**What you will do**: Below are some records. Return exactly the lines from the one containing "Retired professional football" through the one containing "effluent. แปลว่า Influent", both included, and only those.

**Material shown**:
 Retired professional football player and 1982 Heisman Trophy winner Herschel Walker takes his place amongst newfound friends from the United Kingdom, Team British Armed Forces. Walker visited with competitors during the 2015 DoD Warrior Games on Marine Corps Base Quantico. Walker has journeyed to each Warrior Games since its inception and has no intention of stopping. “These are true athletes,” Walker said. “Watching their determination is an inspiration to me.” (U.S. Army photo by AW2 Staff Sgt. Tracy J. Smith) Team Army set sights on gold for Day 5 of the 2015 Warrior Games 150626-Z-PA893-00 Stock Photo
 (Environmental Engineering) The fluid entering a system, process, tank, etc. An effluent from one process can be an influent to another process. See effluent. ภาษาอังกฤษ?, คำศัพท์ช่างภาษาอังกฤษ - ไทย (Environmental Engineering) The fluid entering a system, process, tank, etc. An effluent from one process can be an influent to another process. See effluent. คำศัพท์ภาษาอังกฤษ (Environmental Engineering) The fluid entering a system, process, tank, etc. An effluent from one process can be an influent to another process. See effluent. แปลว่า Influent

==

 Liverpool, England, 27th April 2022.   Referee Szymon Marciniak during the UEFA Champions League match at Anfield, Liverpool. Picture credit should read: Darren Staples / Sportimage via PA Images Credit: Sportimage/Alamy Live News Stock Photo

---

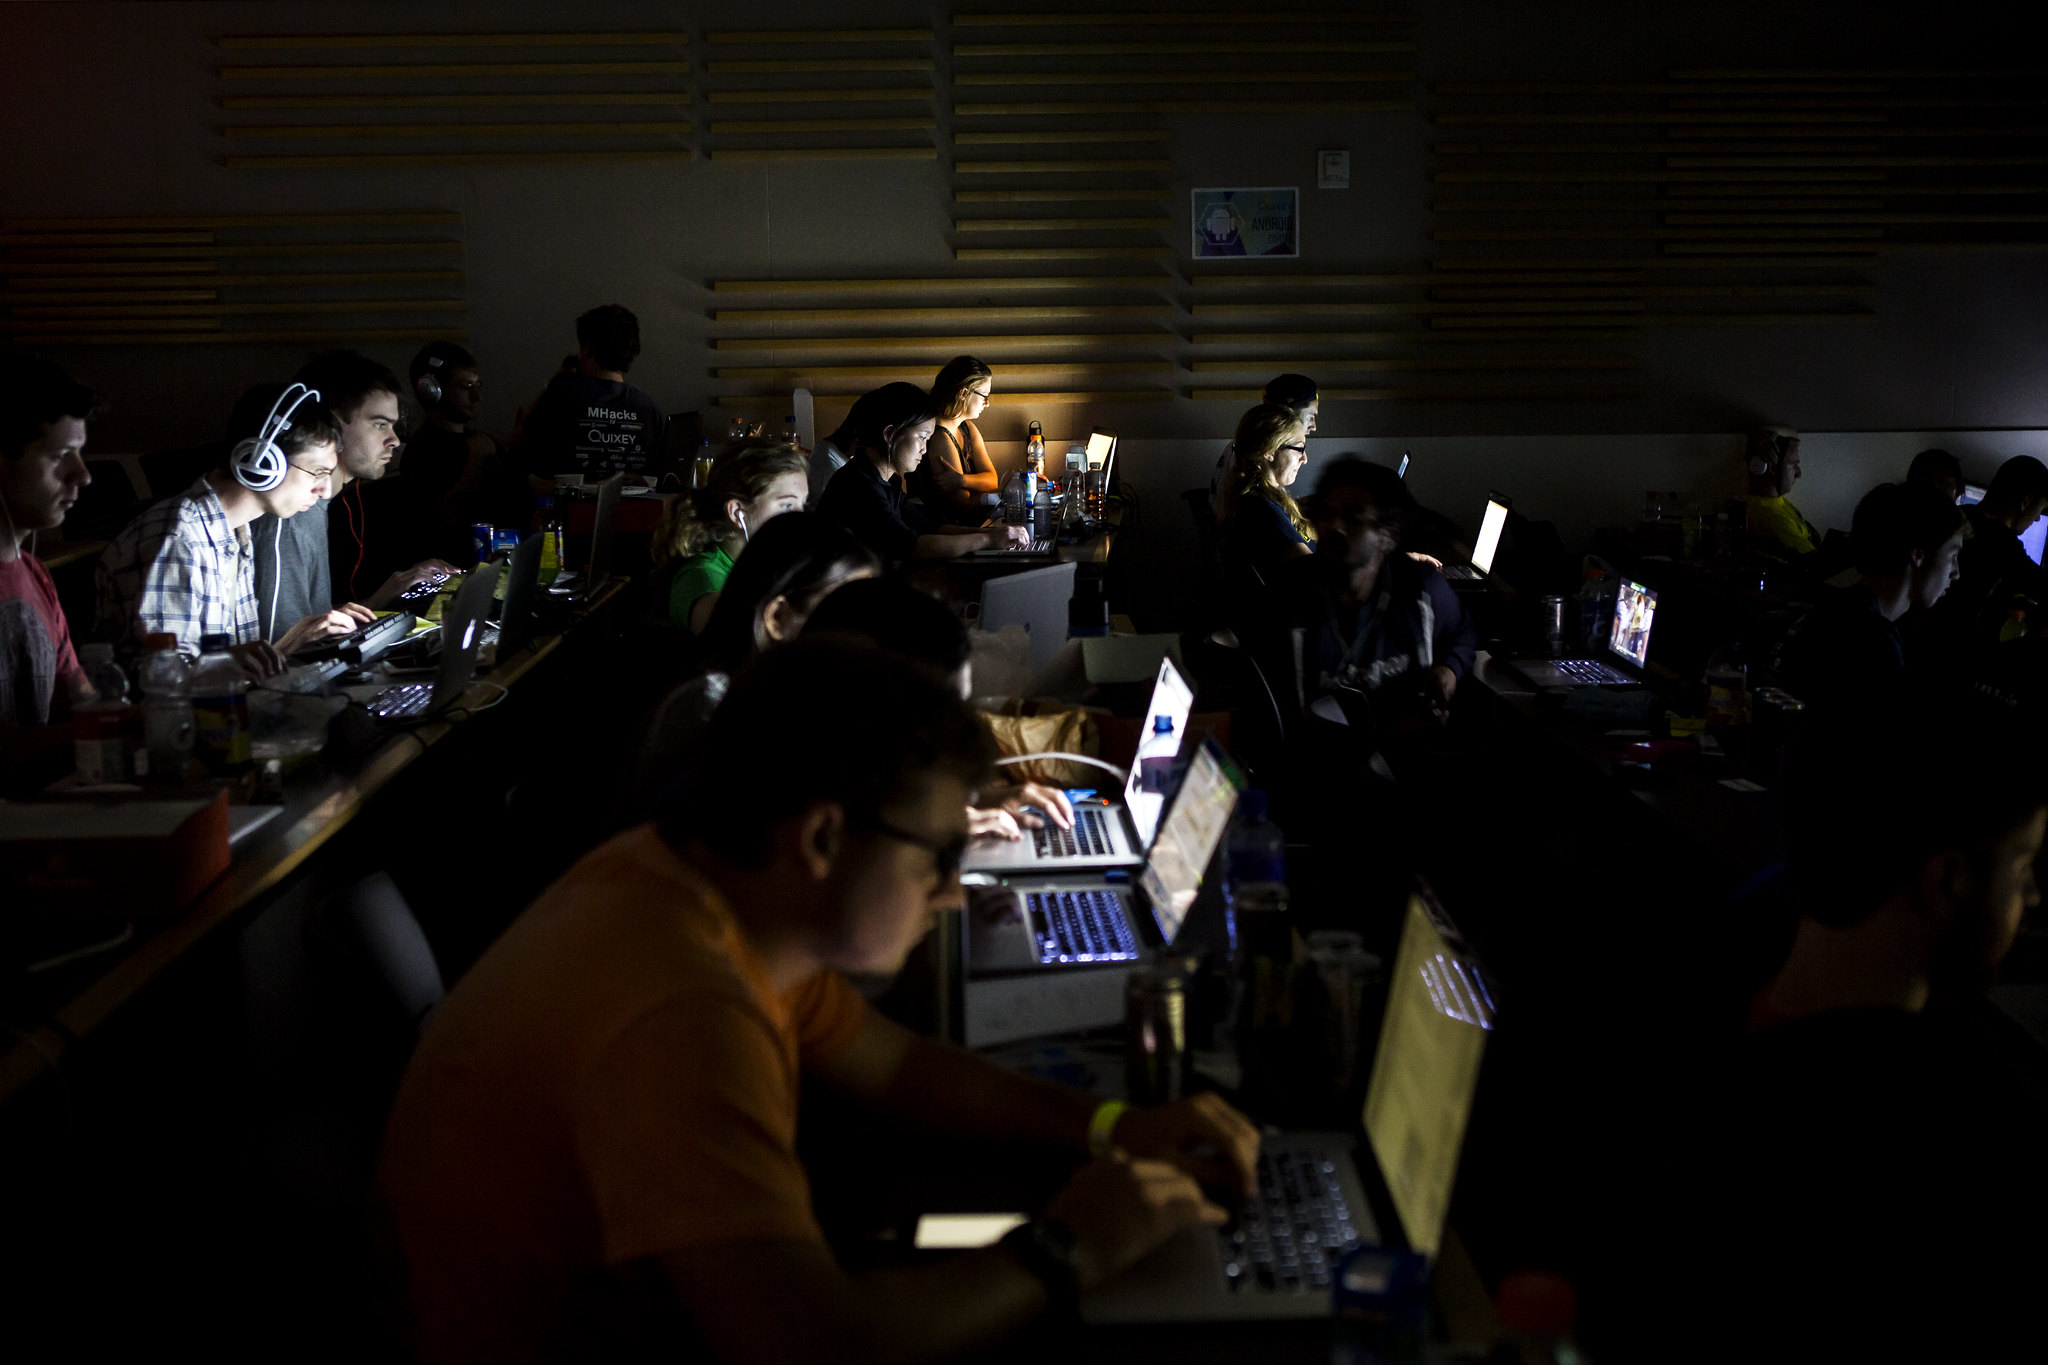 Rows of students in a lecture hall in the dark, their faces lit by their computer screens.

**Result below**:
 Retired professional football player and 1982 Heisman Trophy winner Herschel Walker takes his place amongst newfound friends from the United Kingdom, Team British Armed Forces. Walker visited with competitors during the 2015 DoD Warrior Games on Marine Corps Base Quantico. Walker has journeyed to each Warrior Games since its inception and has no intention of stopping. “These are true athletes,” Walker said. “Watching their determination is an inspiration to me.” (U.S. Army photo by AW2 Staff Sgt. Tracy J. Smith) Team Army set sights on gold for Day 5 of the 2015 Warrior Games 150626-Z-PA893-00 Stock Photo
 (Environmental Engineering) The fluid entering a system, process, tank, etc. An effluent from one process can be an influent to another process. See effluent. ภาษาอังกฤษ?, คำศัพท์ช่างภาษาอังกฤษ - ไทย (Environmental Engineering) The fluid entering a system, process, tank, etc. An effluent from one process can be an influent to another process. See effluent. คำศัพท์ภาษาอังกฤษ (Environmental Engineering) The fluid entering a system, process, tank, etc. An effluent from one process can be an influent to another process. See effluent. แปลว่า Influent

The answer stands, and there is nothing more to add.